I am trying to load an old pickle file containing the airline dataset ( https://arxiv.org/abs/1611.06740 ) . The pickle is very old and I have problems accessing it. If I try:
objects = []
with (open("airline.pickle", "rb")) as openfile:
while True:
try:
objects.append(pickle.load(openfile))
except EOFError:
break
I get the following warning and error:
FutureWarning: pandas.core.index is deprecated and will be removed in a future version. The public classes are available in the top-level namespace.
objects.append(pickle.load(openfile))
Traceback (most recent call last):
File "c:\Users\LocalAdmin\surfdrive\Code\Python\Airline\pickleToCSV.py", line 9, in <module>
objects.append(pickle.load(openfile))
TypeError: _reconstruct: First argument must be a sub-type of ndarray
Trying with pandas does not work:
File "C:\Users\LocalAdmin\surfdrive\Code\Python\Airline\Airline\lib\site-packages\pandas\io\pickle.py", line 203, in read_pickle
return pickle.load(handles.handle) # type: ignore[arg-type]

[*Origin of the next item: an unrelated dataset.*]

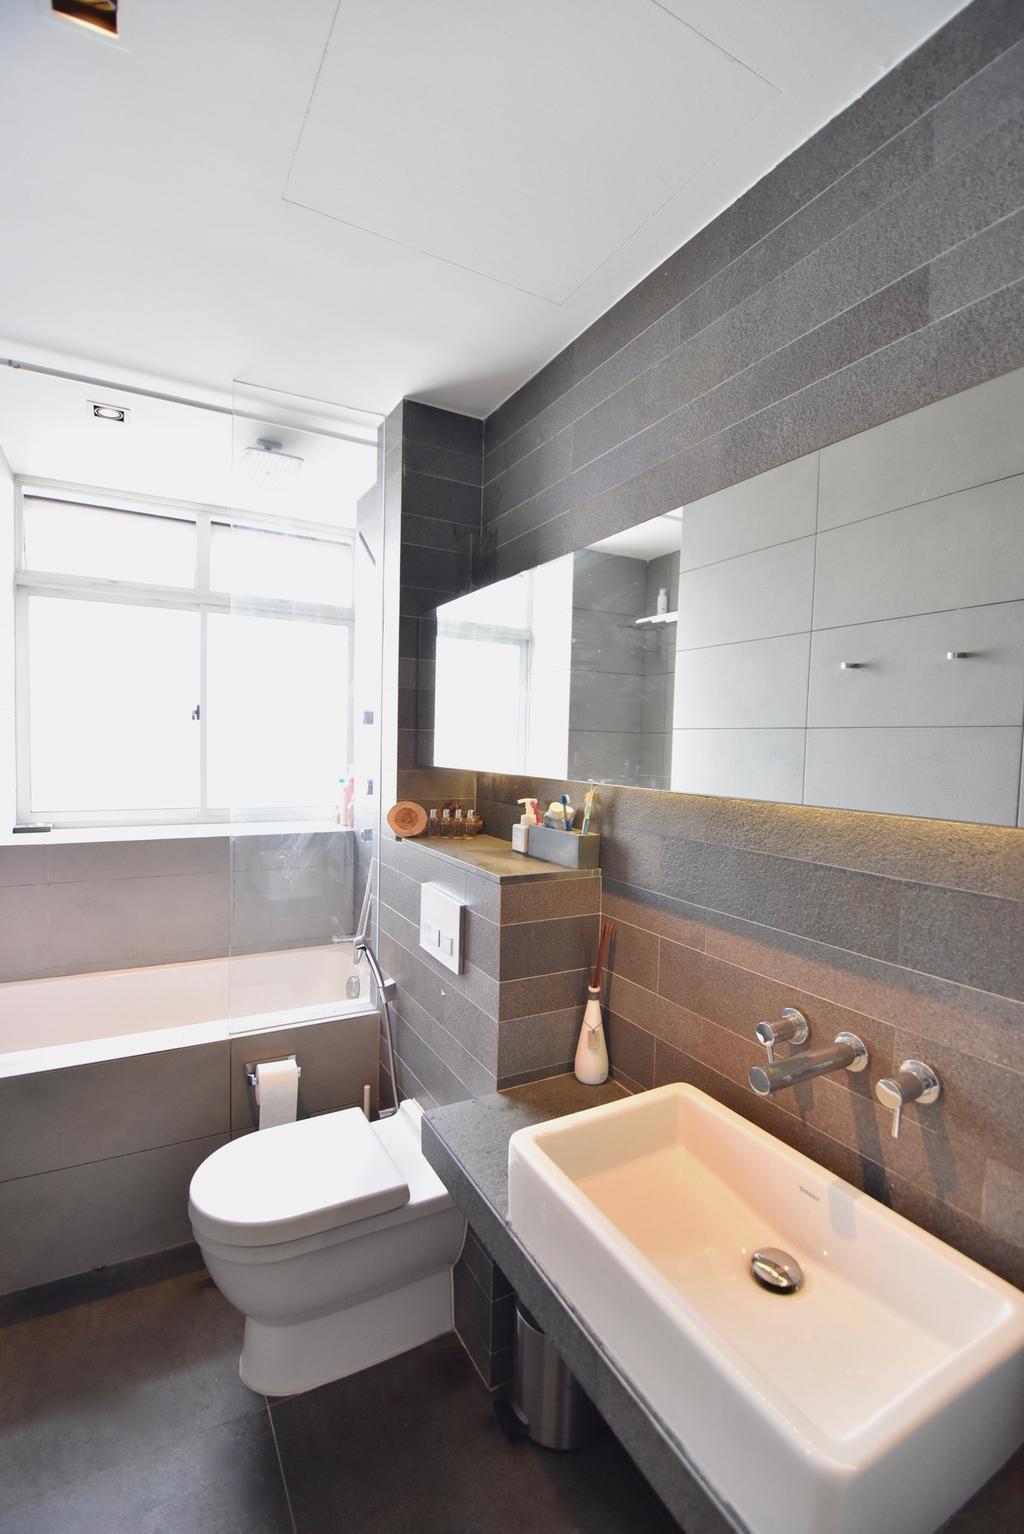 Scandinavian, Condo, Bathroom, Casablanca, Interior Designer, Van Hus Interior Design, Ceramic Floor, Protruding Sink, Bath Tub, Modern Contemporary Bathroom
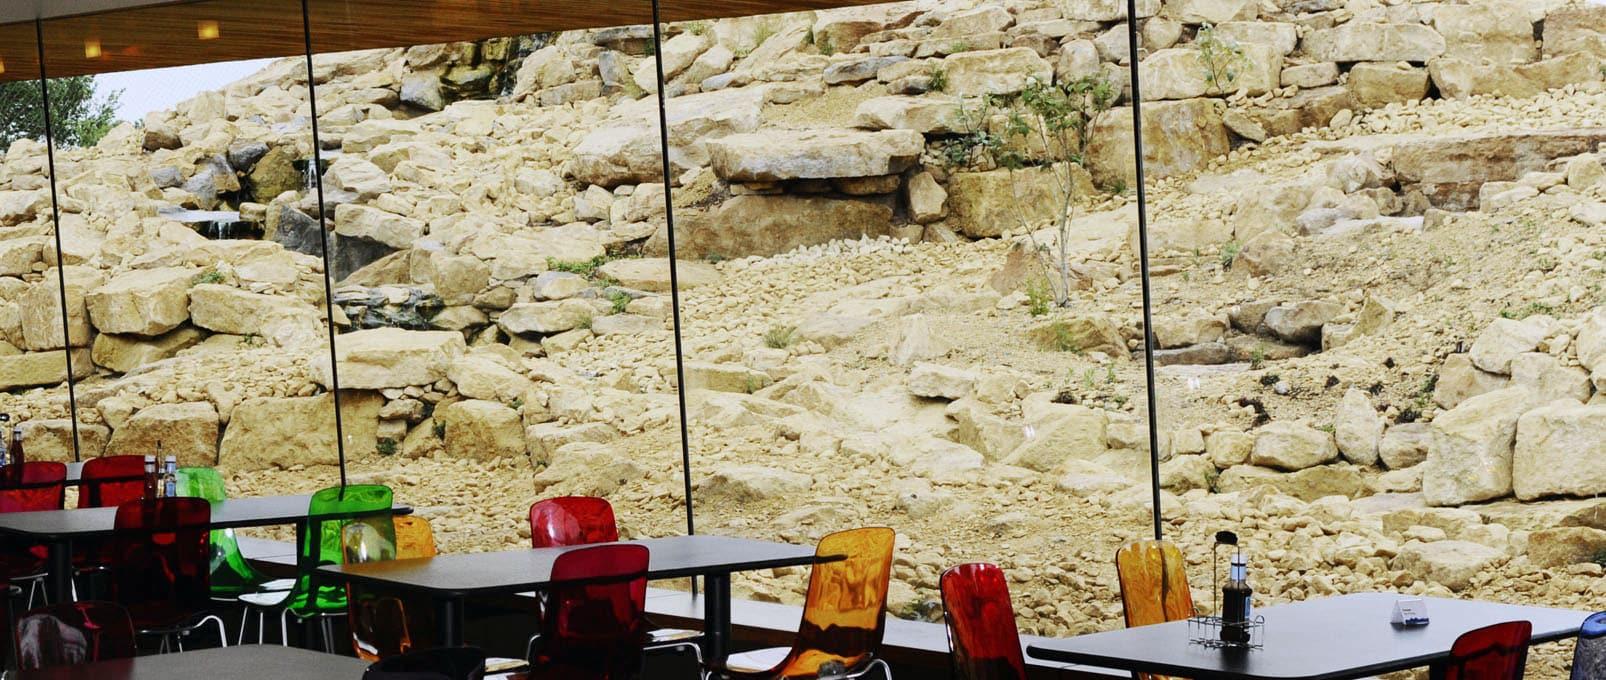 Frameless heated glass zoo cafe wall

TypeError: _reconstruct: First argument must be a sub-type of ndarray
During handling of the above exception, another exception occurred:
Traceback (most recent call last):
File "c:\Users\LocalAdmin\surfdrive\Code\Python\Airline\pickleToCSV.py", line 7, in <module>
df = pd.read_pickle('airline.pickle')
File "C:\Users\LocalAdmin\surfdrive\Code\Python\Airline\Airline\lib\site-packages\pandas\io\pickle.py", line 208, in read_pickle
return pc.load(handles.handle, encoding=None)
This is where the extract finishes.